2019年12月1日日曜日

授業観察・授業参観から何を学ぶか

ほとんどの学校で、授業参観、授業観察の機会があると思う。同僚の授業を見たり、他の学校の教員の公開授業を見ることもある。また、自分自身が授業者になることもあるだろう。

自ら進んで授業を公開しようとする人もいるが、授業を公開することはストレスフルで、負担になると感じる人も多い。また、事後の協議でも、たくさん意見が出されても、それが効果的に授業者の成長につながらない場合もある。

授業観察は、評価のためではなく、成長のためであるべきだと言われる(教員養成段階では評価も必要)⭐︎。どうせ実施するのであれば、授業参観や授業公開を少しでも有意義ななものにしたい。そこで、学校を、教師の学びのコミュニティーにできる授業参観の方法を、Harmer(2015)の「授業公開、授業参観のこれまでとは異なるやり方(Different ways of observing and being observed)」(pp.129-132)から考えてみたい。

1 焦点化すること
授業後の協議のテーマを1〜2つの項目に絞る。例えば、英語の授業であれば、「生徒と教師の英語でのやりとり」「エラーの訂正」などに絞る。授業参観者は、授業で観察した全てのことを議論の俎上に載せたがる傾向がある。その結果、協議は総花的なものになりがちで、授業者にとって意味のあるフィードバックとはならない。思い切って、テーマを絞ること、この"Less is more.(少ないことは豊かである)"を実践することで、より深い議論が可能になり、授業についての新しい考え方が生まれる可能性が出てくる。

2 参観者に焦点化する
授業参観を、参観者の成長という視点で実施する。もちろん、授業者の成長が第一義だが、その授業から参観者が何を学びうるかを大切にする。観察した授業の優れた点や価値を、自分のものにしようとする試みであると言える。他者の授業を通した、自分自身の授業実践の振り返りとも言えるだろう。(「仲間による省察的授業観察」[reflective peer observation]とも呼ばれるらしい)。

3 学びが継続されるような工夫 
参加者全員が、主体的に関わることができて、楽しい学びの機会になるように工夫したい。明るく、前向きなムードで終えることができるような流れを作りたい。そして、それが継続的な学びにつながるように仕組んでいきたい。一回限りのイベントにしないことが大切だ。

授業参観・授業観察自体はずっと以前から続けられてきた方法である。我が国の教員研修や校内研修ではかなりのウエートを占める方法と言えるだろう。多くの人が「授業を見せ合うことは大切だ」と言うが、その具体的なノウ・ハウは十分に確立されているのだろうか。

私も、授業についての評価やコメントをもらってきた。同僚や現職の教員からは公開授業を通して。学習者からは授業評価などを通してである。それらの評価やコメントには、心から納得を覚えたこともあるし、小さな反発を覚えたこともある。しかし、それらが自分自身の力量形成に効果的に働いたかどうかは、ずっと、確信がもてないできた。
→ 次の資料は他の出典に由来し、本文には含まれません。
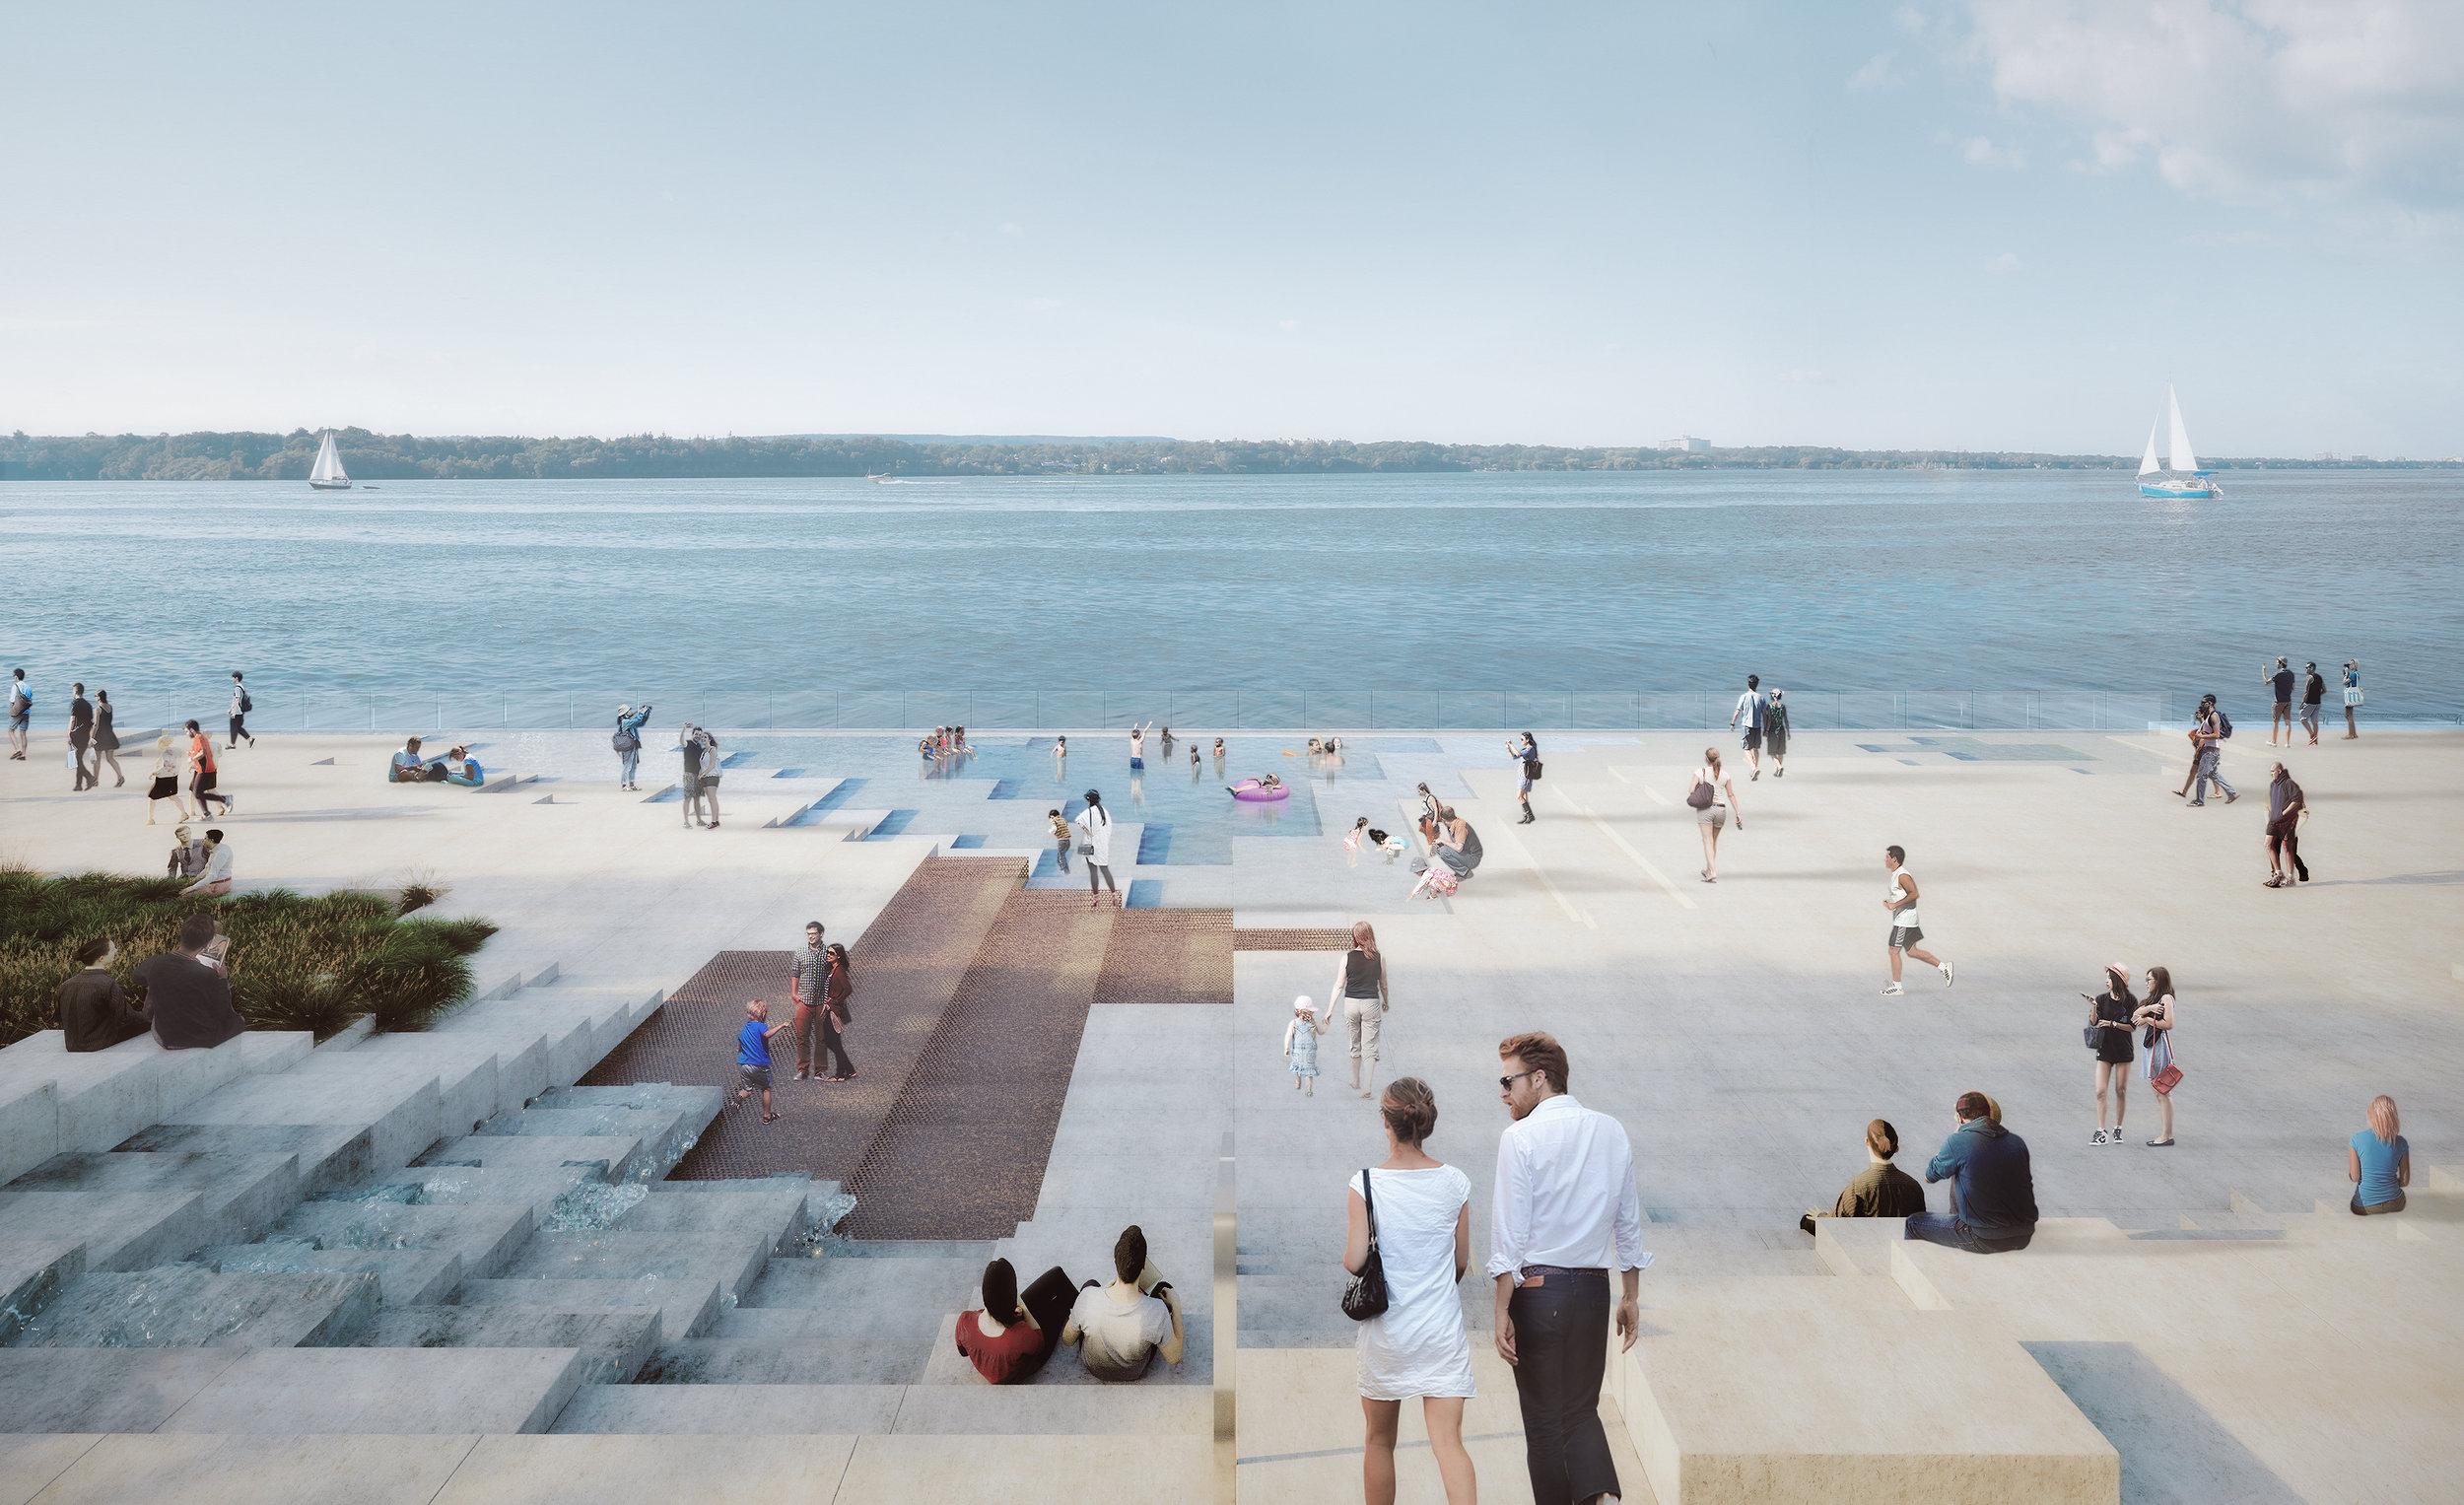 Pier 8 Promenade Park - Pool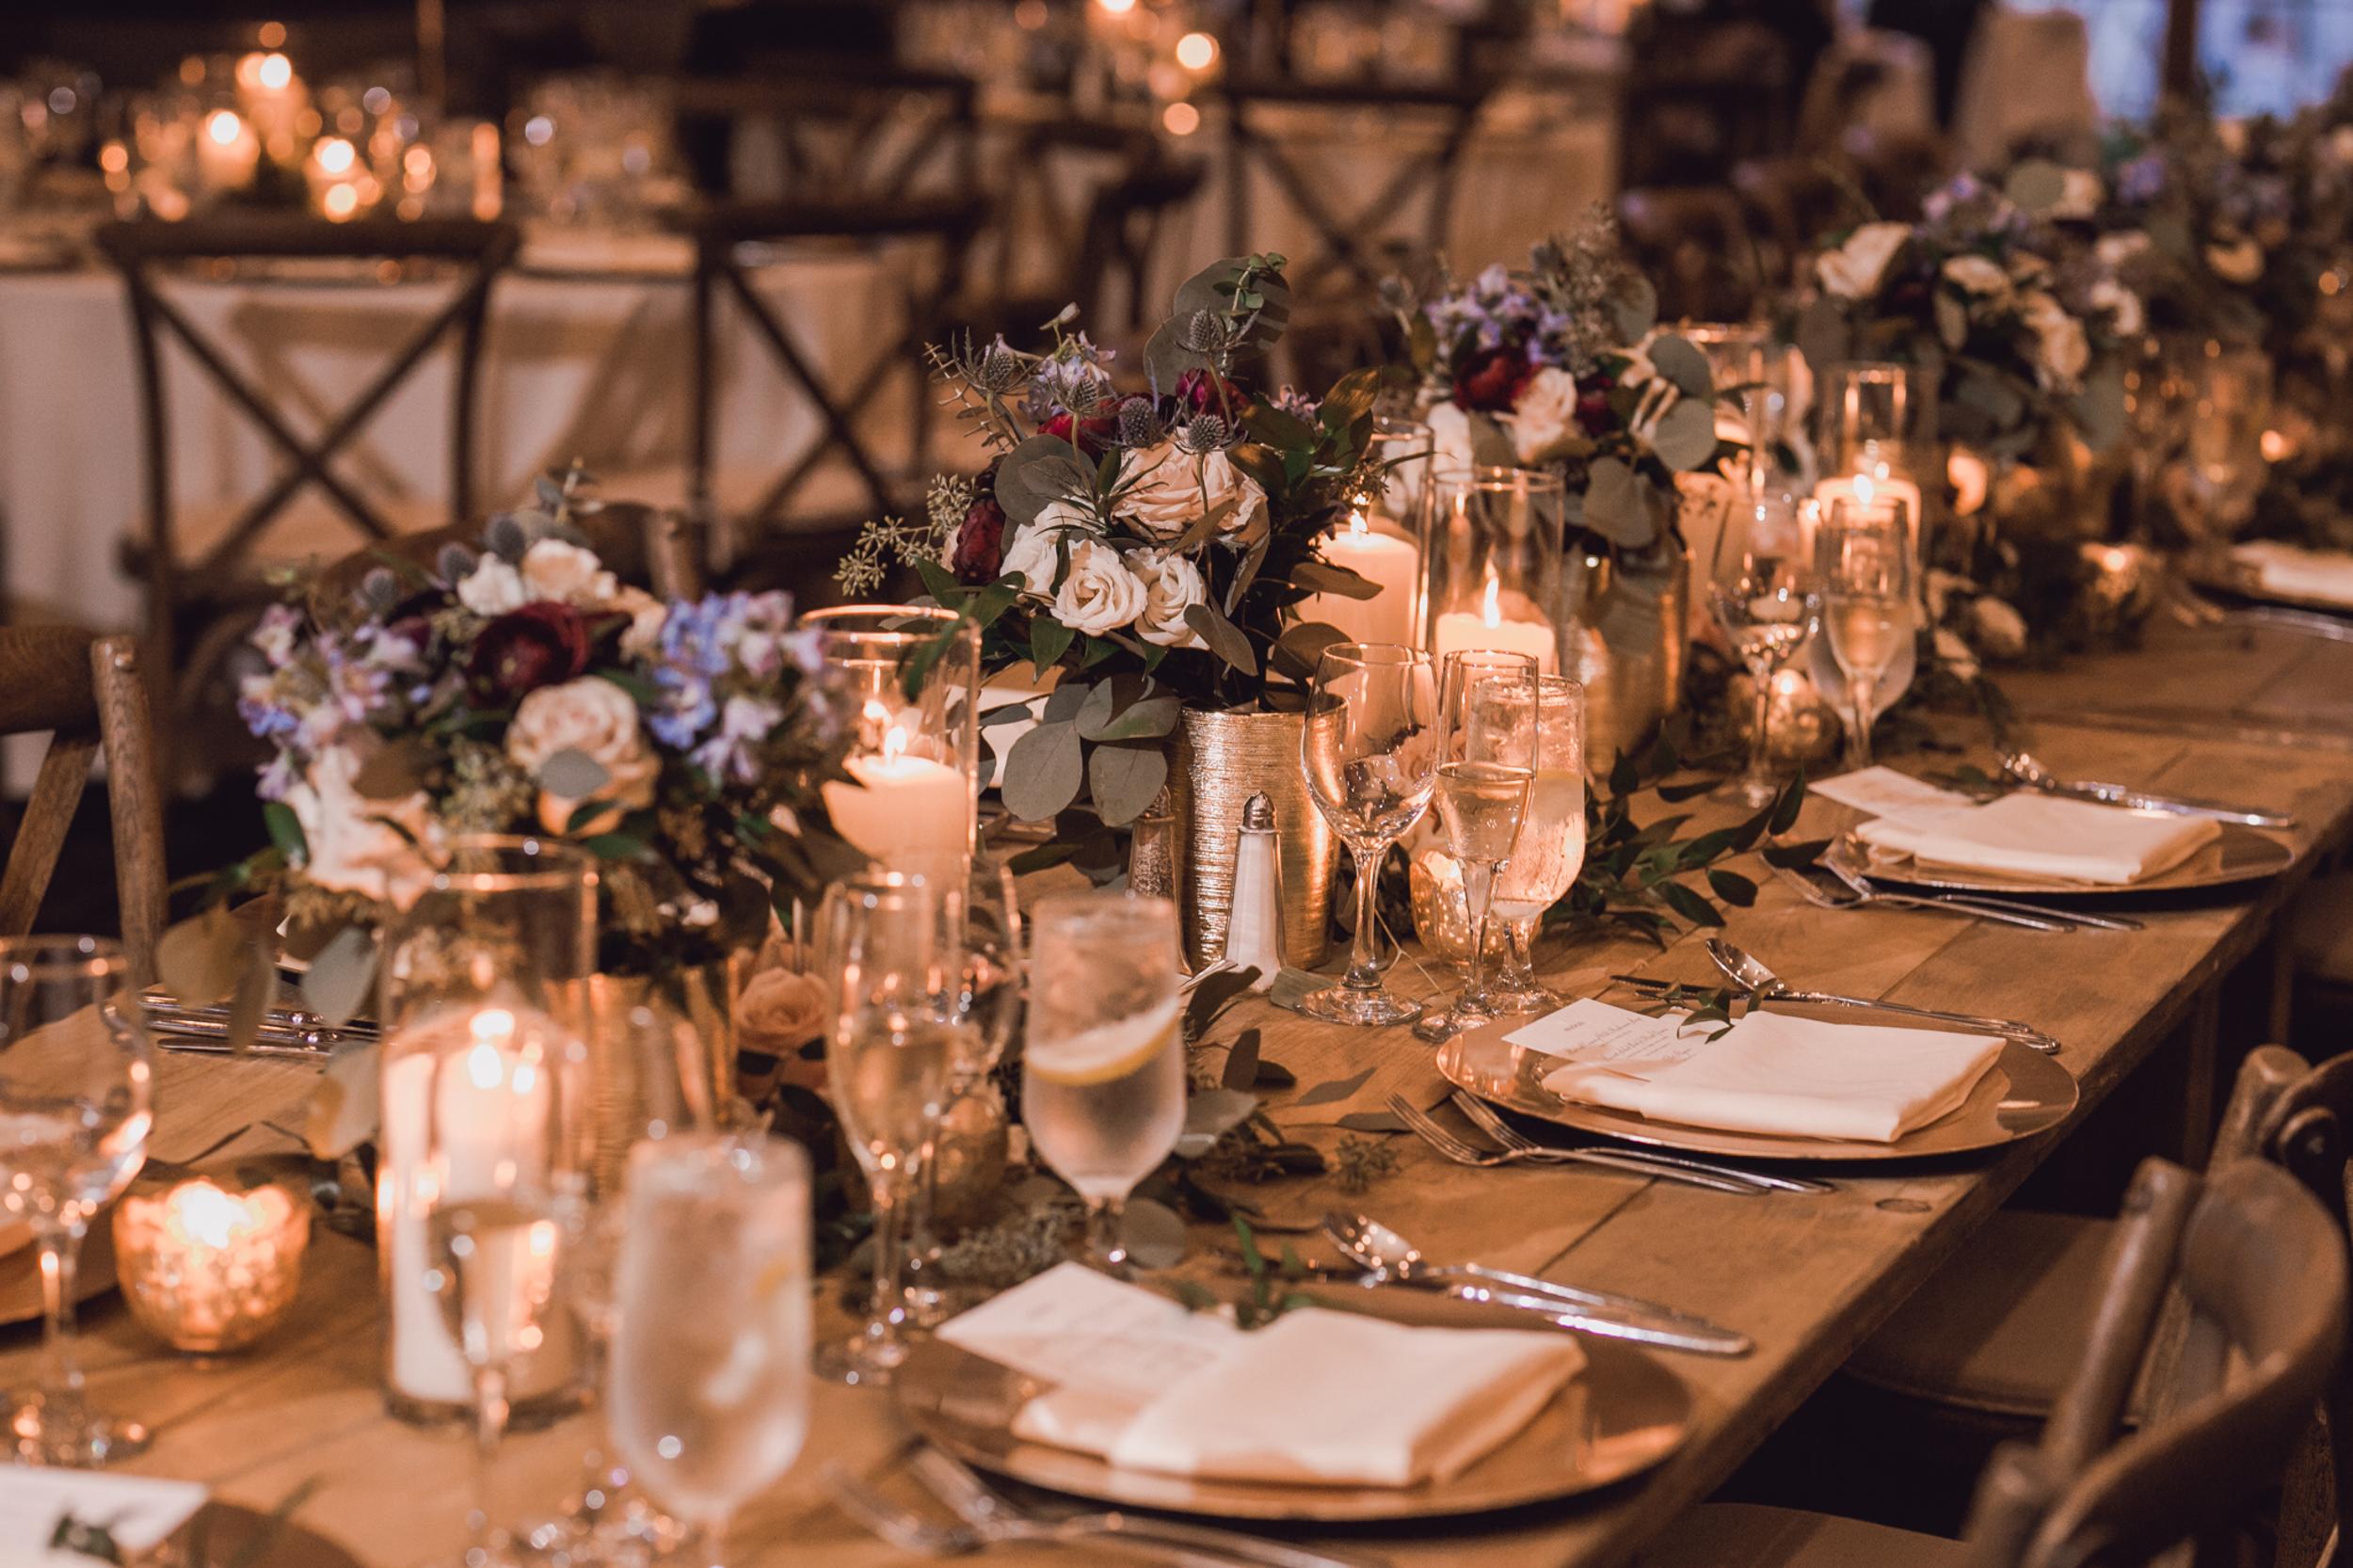 wedding-photography-dark-moody-rustic-details-38.jpg

唯一、効果を実感できたのは、1)自分自身が問題意識や興味をもてた問題に焦点化した時 2)その後、ある程度の時間をかけて、授業の中で実践と省察を繰り返してきた時であったと思う。いただいた多くの評価やコメントは忘れてしまったが、その後、自分自身が主体的に取り組んだものは、血となり肉となったように感じる。

自分にとって大切な実践上のテーマを見出すきっかけとなったのが、授業参観だったように思う。

[文献]
⭐︎Jeremy Harmer (2015) The Practice of English Language Teaching, Pearson. (ジェレミー・ハーマー『英語教育の実践』ピアソン).